Re: [PATCH] task_work: return -EBUSY when adding same work

From: zhenguo yao
Date: Sun Jul 11 2021 - 23:45:15 EST


This issue happens in a stress test of memory UE injection. It has
more than once UEs reported to the OS at the same moment in the test.
So do_machine_check-->queue_task_work is called many times.
mce_kill_me work is added to list many times. When mce_kill_me is add
to the list, it becomes the list header and then another mce_kill_me
is added to the list before task_work_run is called. The list becomes
a dead loop: task->task_works = mce_kill_me, mce_kill_me->next =
mce_kill_me. When the task want to return to user mode and run
task_work_run. It becomes a dead loop and never return to user mode
and process signal SIGBUS that mce_kill_me sent to him. I fix this by
following patch
--
diff --git a/arch/x86/kernel/cpu/mce/core.c b/arch/x86/kernel/cpu/mce/core.c
index 22791aa..9333696 100644
--- a/arch/x86/kernel/cpu/mce/core.c
+++ b/arch/x86/kernel/cpu/mce/core.c
@@ -1299,7 +1299,9 @@ static void queue_task_work(struct mce *m, int
kill_current_task)
else
current->mce_kill_me.func = kill_me_maybe;

- task_work_add(current, &current->mce_kill_me, TWA_RESUME);
+ /* Avoid endless loops when task_work_run is running */
+ if (READ_ONCE(current->task_works) != &current->mce_kill_me)
+ task_work_add(current, &current->mce_kill_me, TWA_RESUME);
}
--
But I think it is better return an error in task_work_add when same
work is added to the list. Similar problem may happen in other scenes.
It is hard to debug when it is a seldom issue.

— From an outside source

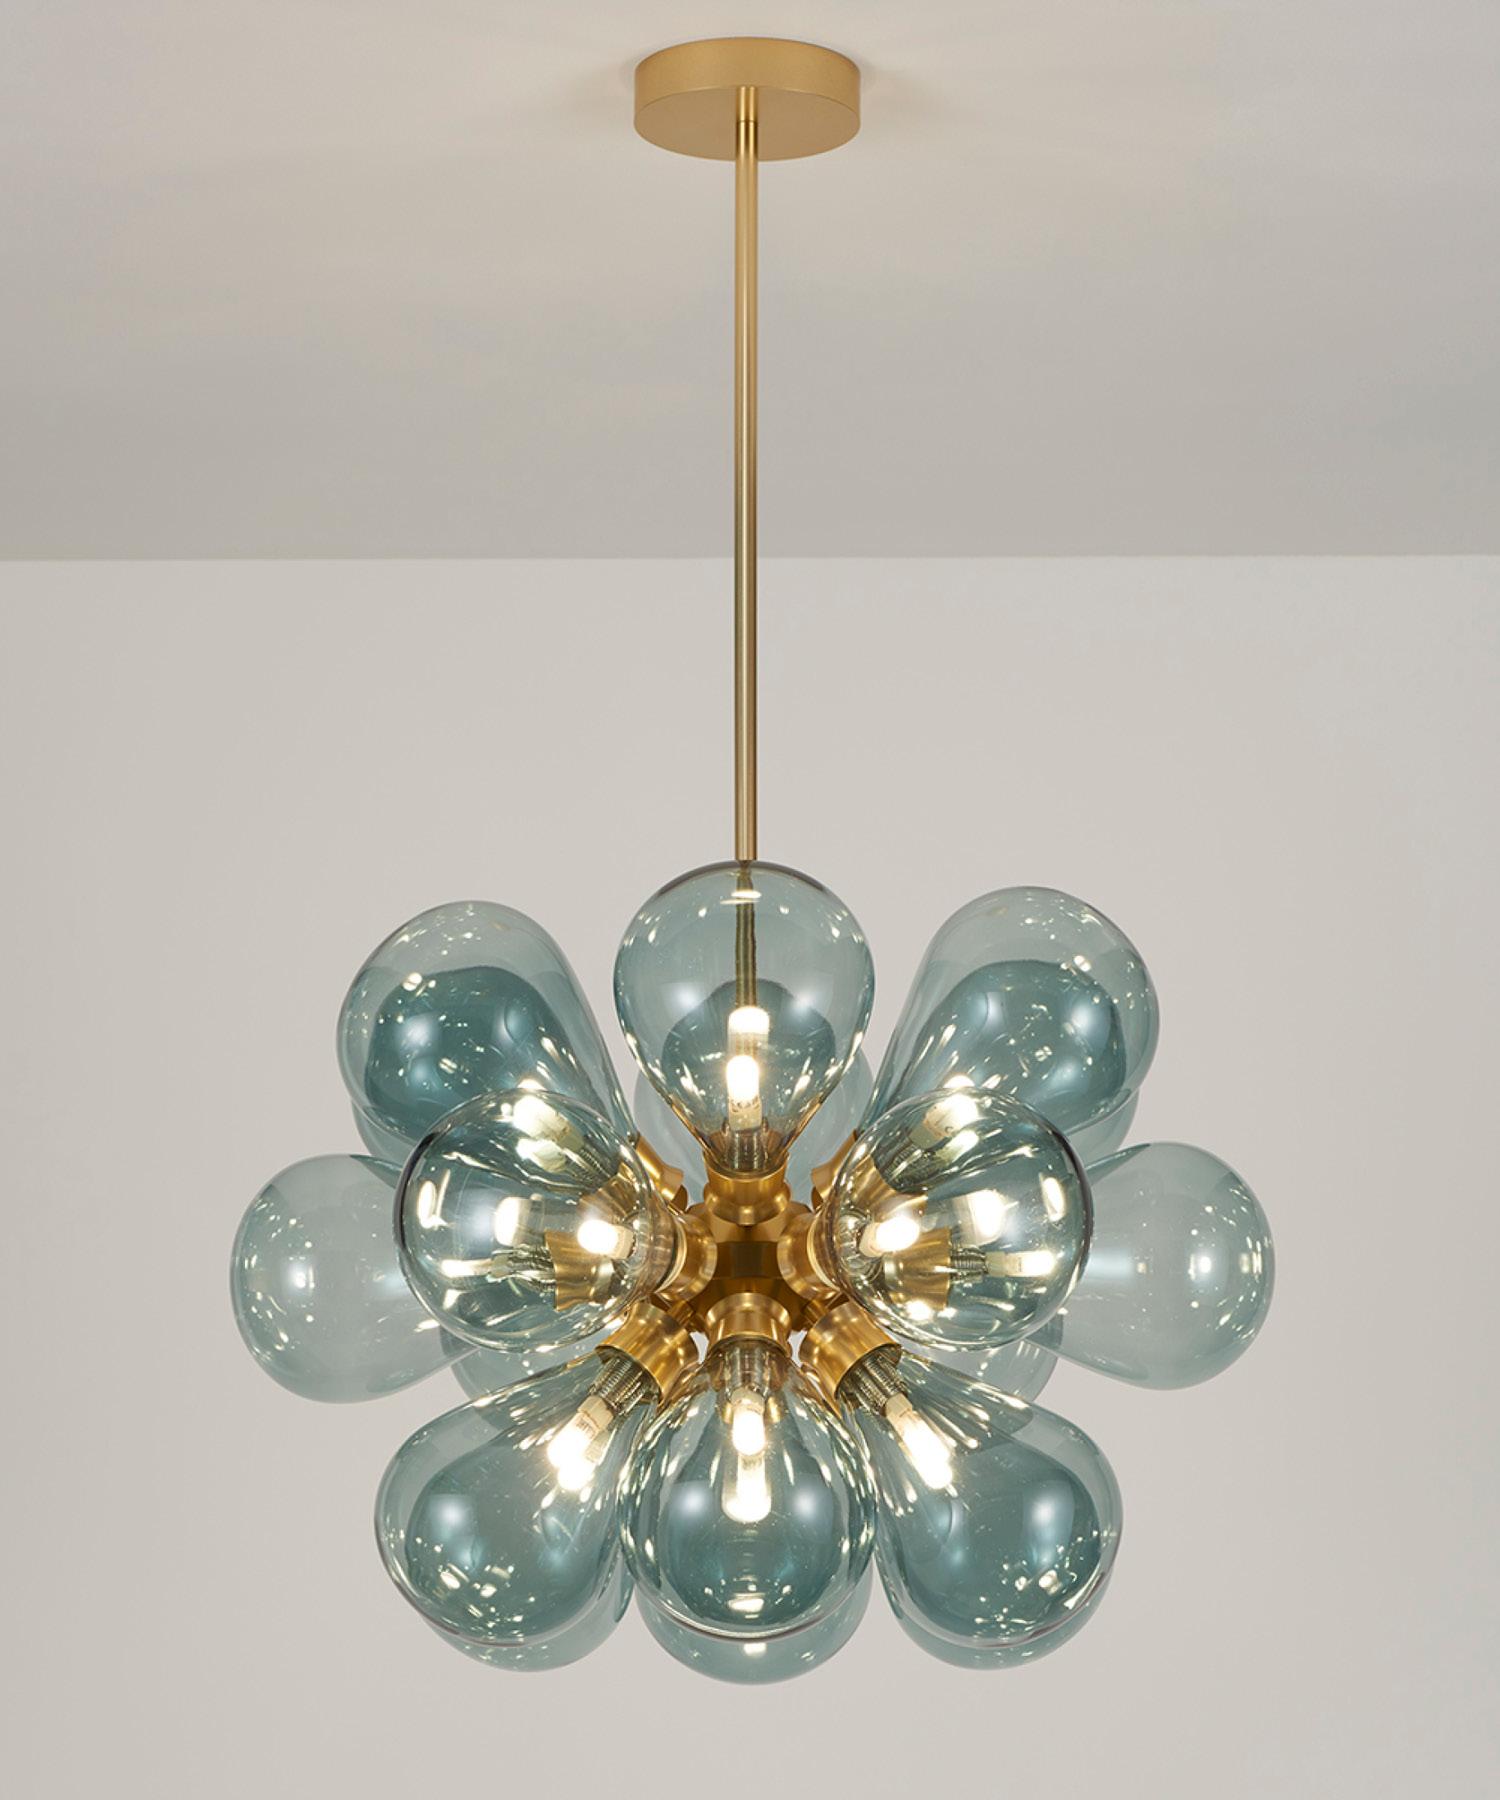 British Cintola Maxi Pendant in Satin Gold with 18 Handblown Smoke Grey Glass Globes For Sale

Jens Axboe <axboe@xxxxxxxxx> 于2021年7月12日周一 上午10:44写道:
>
> On 7/11/21 8:13 PM, zhenguo yao wrote:
> > Yes I hit this condition. The caller is queue_task_work in
> > arch/x86/kernel/cpu/mce/core.c.
> > It is really a BUG. I have submitted another patch to fix it:
> > https://lkml.org/lkml/2021/7/9/186.
>
> That patch seems broken, what happens if mce_kill_me is added already,
> but it isn't the first work item in the list?
>
> --
> Jens Axboe
>